> **YOUR TASK**:
Give every line of the data again, unchanged, but with no pictures.

> **SOURCE MATERIAL**:
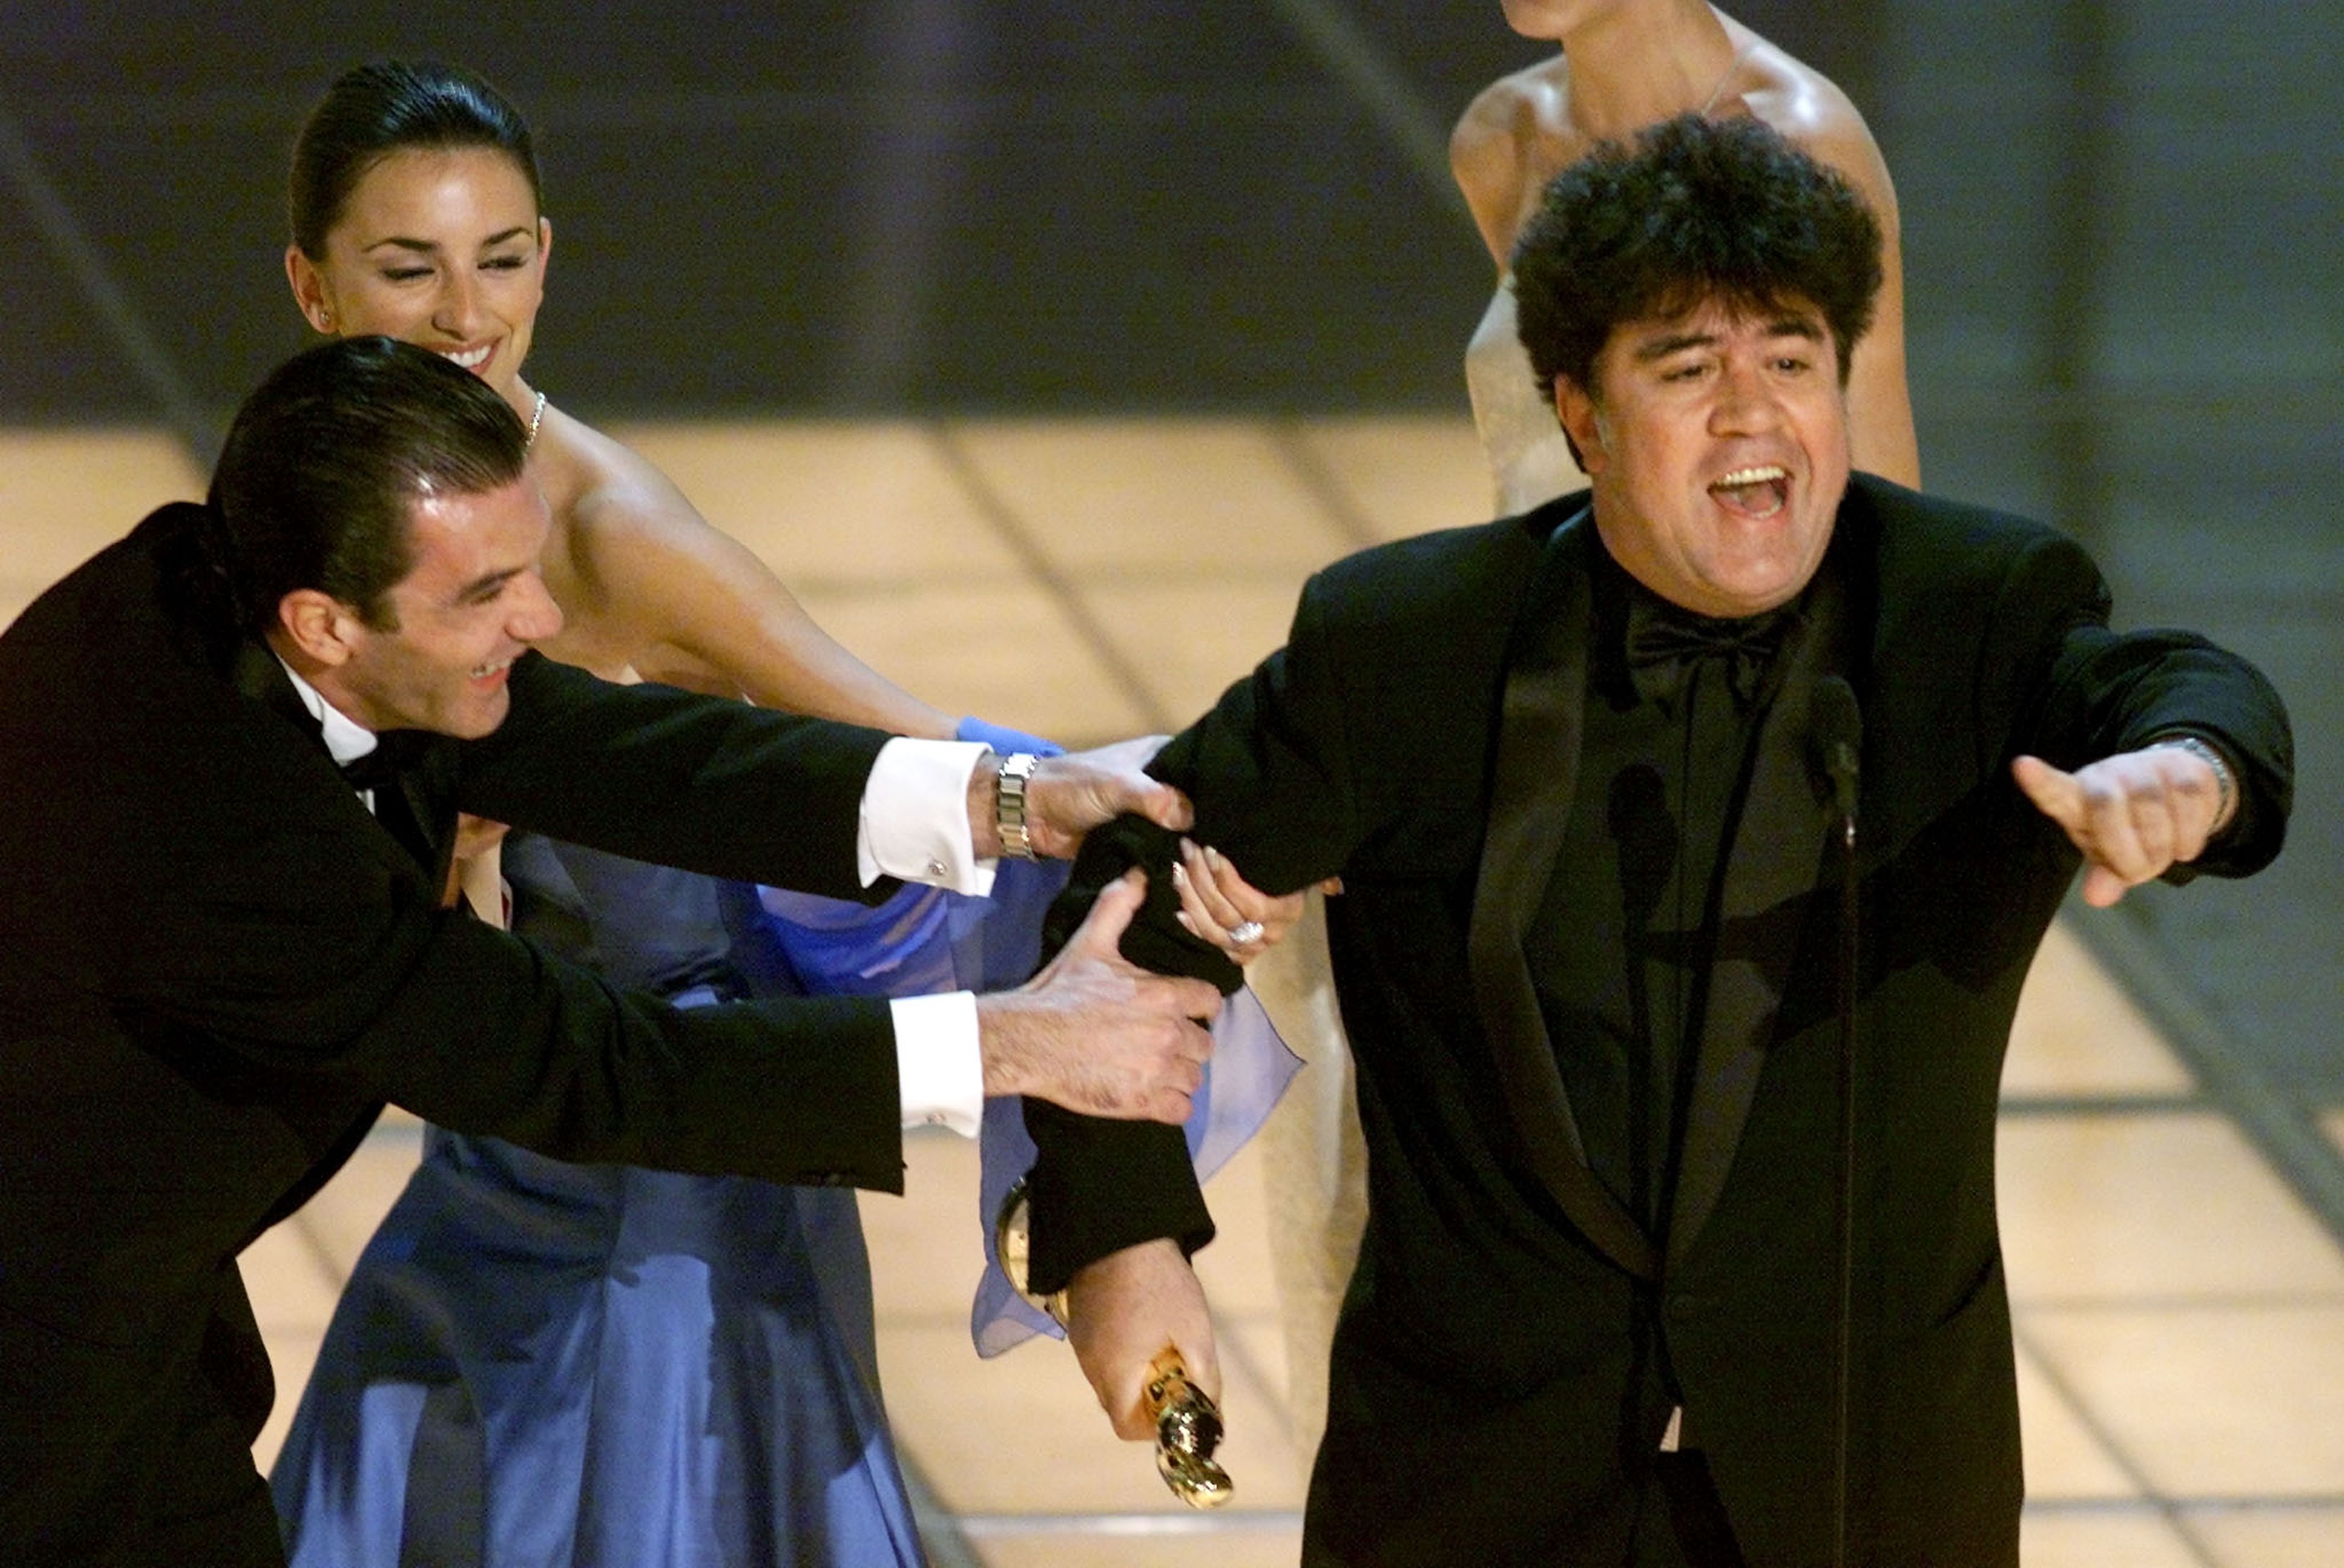 Antonio Banderas y Penélope Cruz no lo tuvieron fácil para llevarse a Pedro Almodóvar del escenario tras recibir su Óscar en 1999 por 'Todo sobre mi madre'.
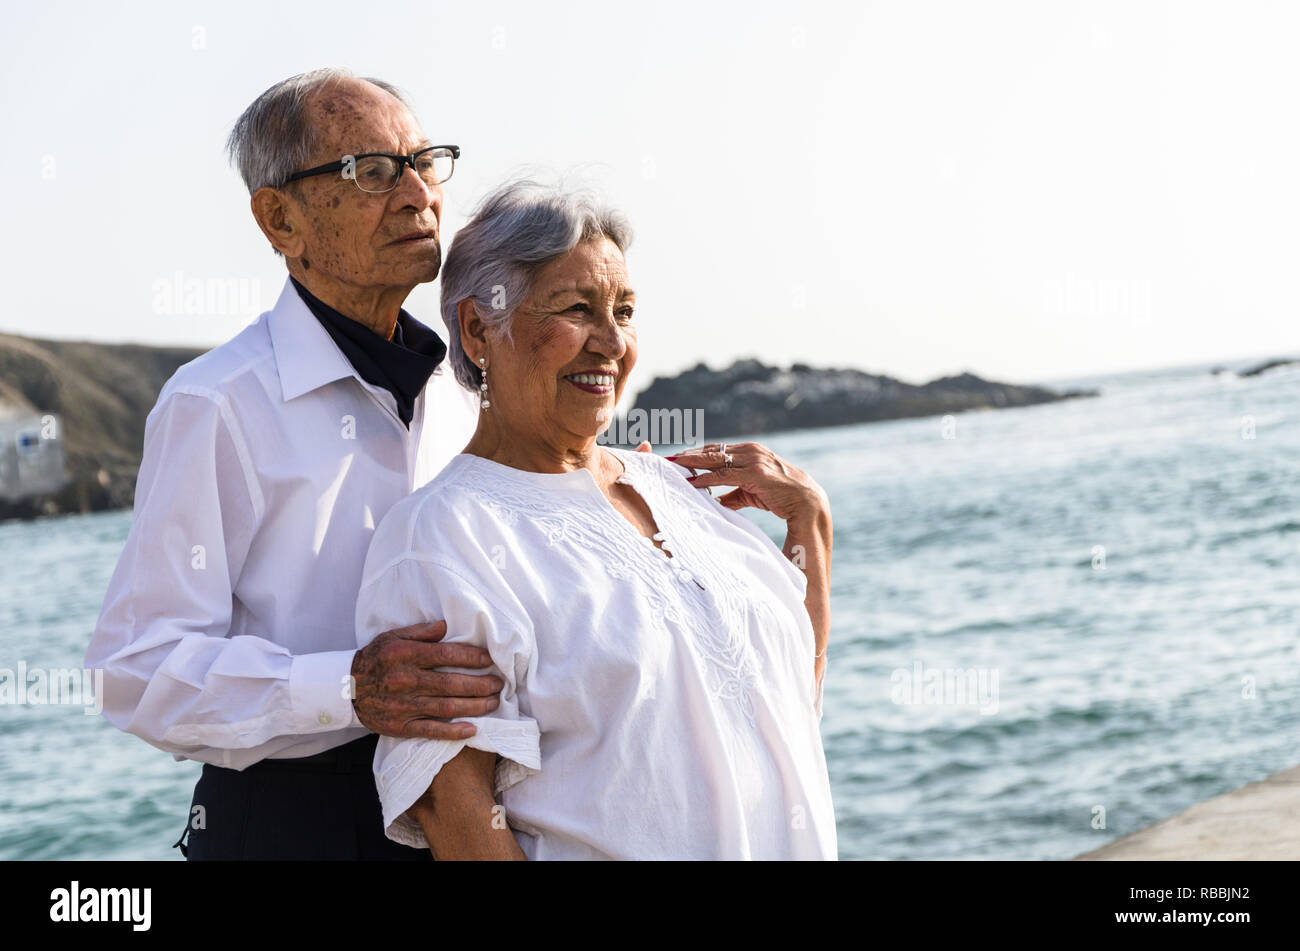 Senior Paar einander umarmen am Strand an einem sonnigen Tag Stockfoto
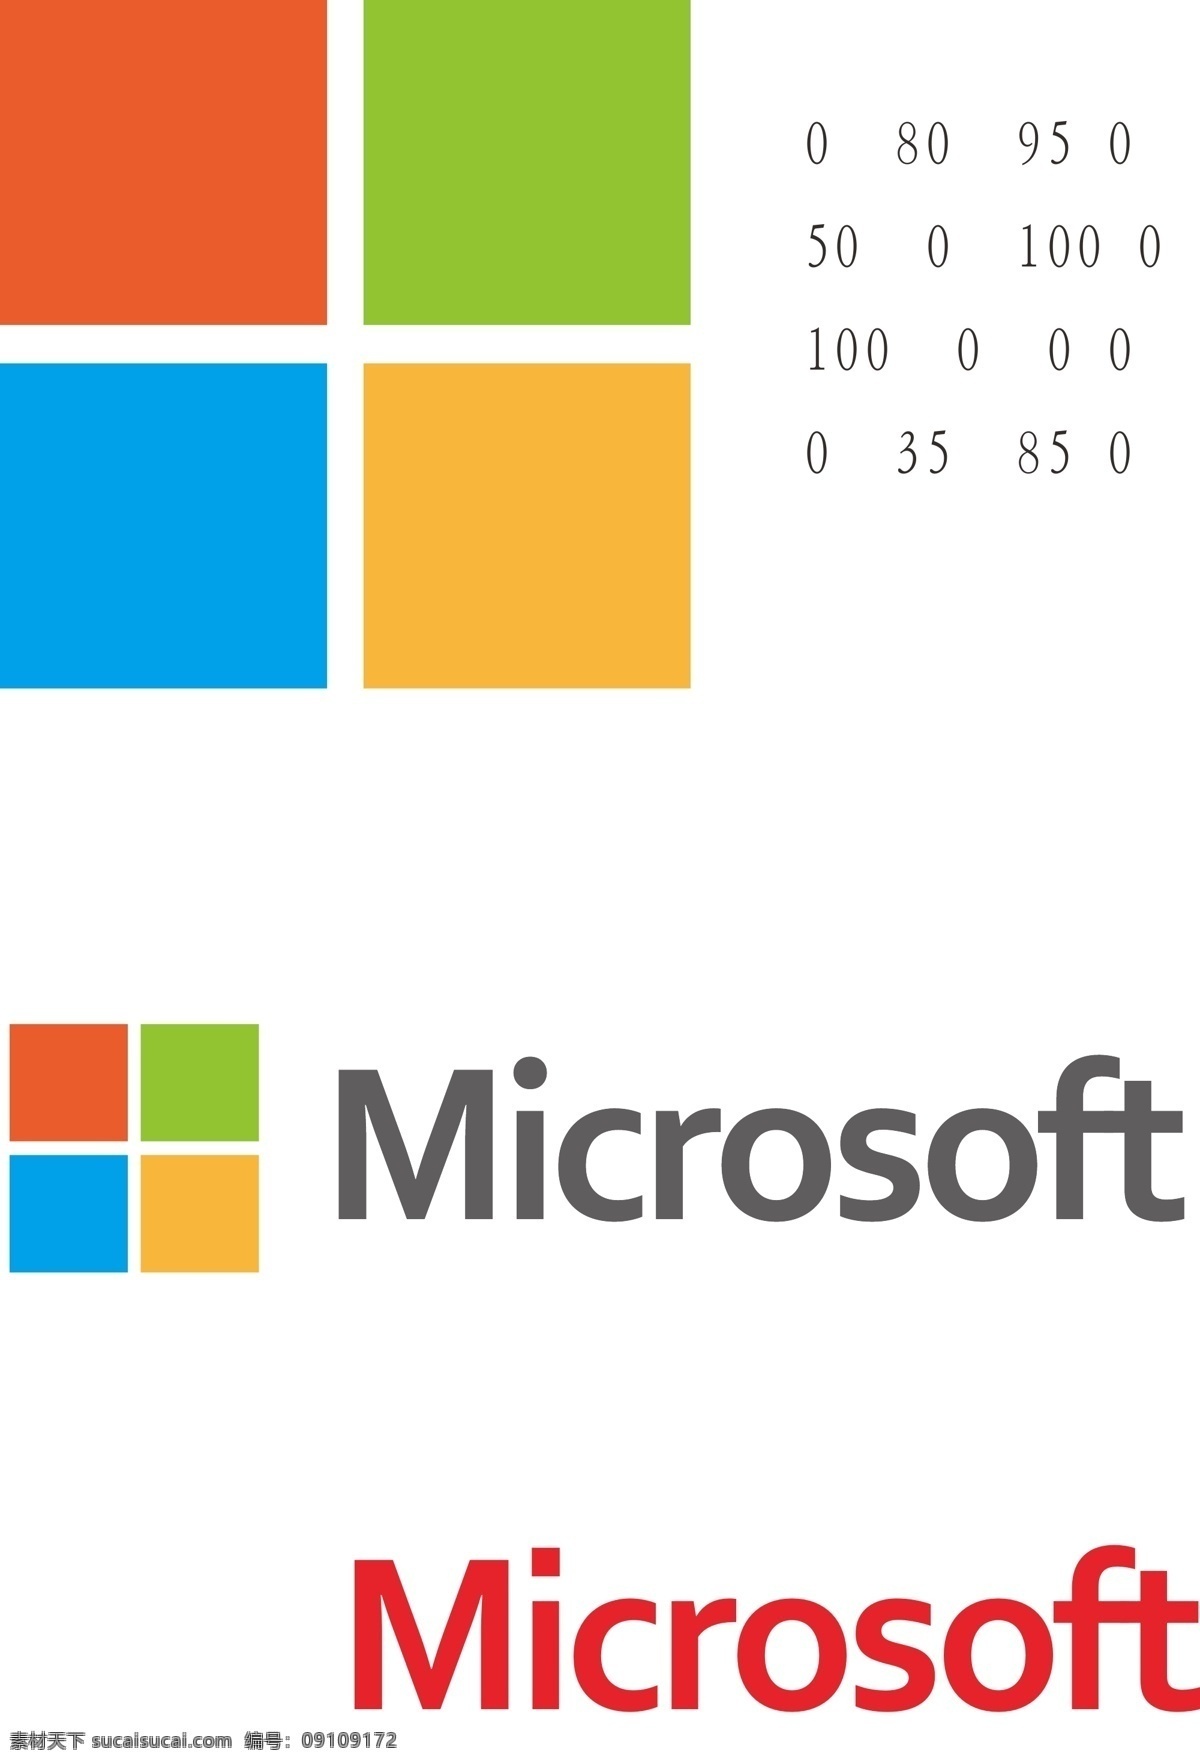 微软新标识 微软 标志 最新 企业 logo 标识标志图标 矢量

> **TASK RESULT**:
 Antonio Banderas y Penélope Cruz no lo tuvieron fácil para llevarse a Pedro Almodóvar del escenario tras recibir su Óscar en 1999 por 'Todo sobre mi madre'.
 Senior Paar einander umarmen am Strand an einem sonnigen Tag Stockfoto
 微软新标识 微软 标志 最新 企业 logo 标识标志图标 矢量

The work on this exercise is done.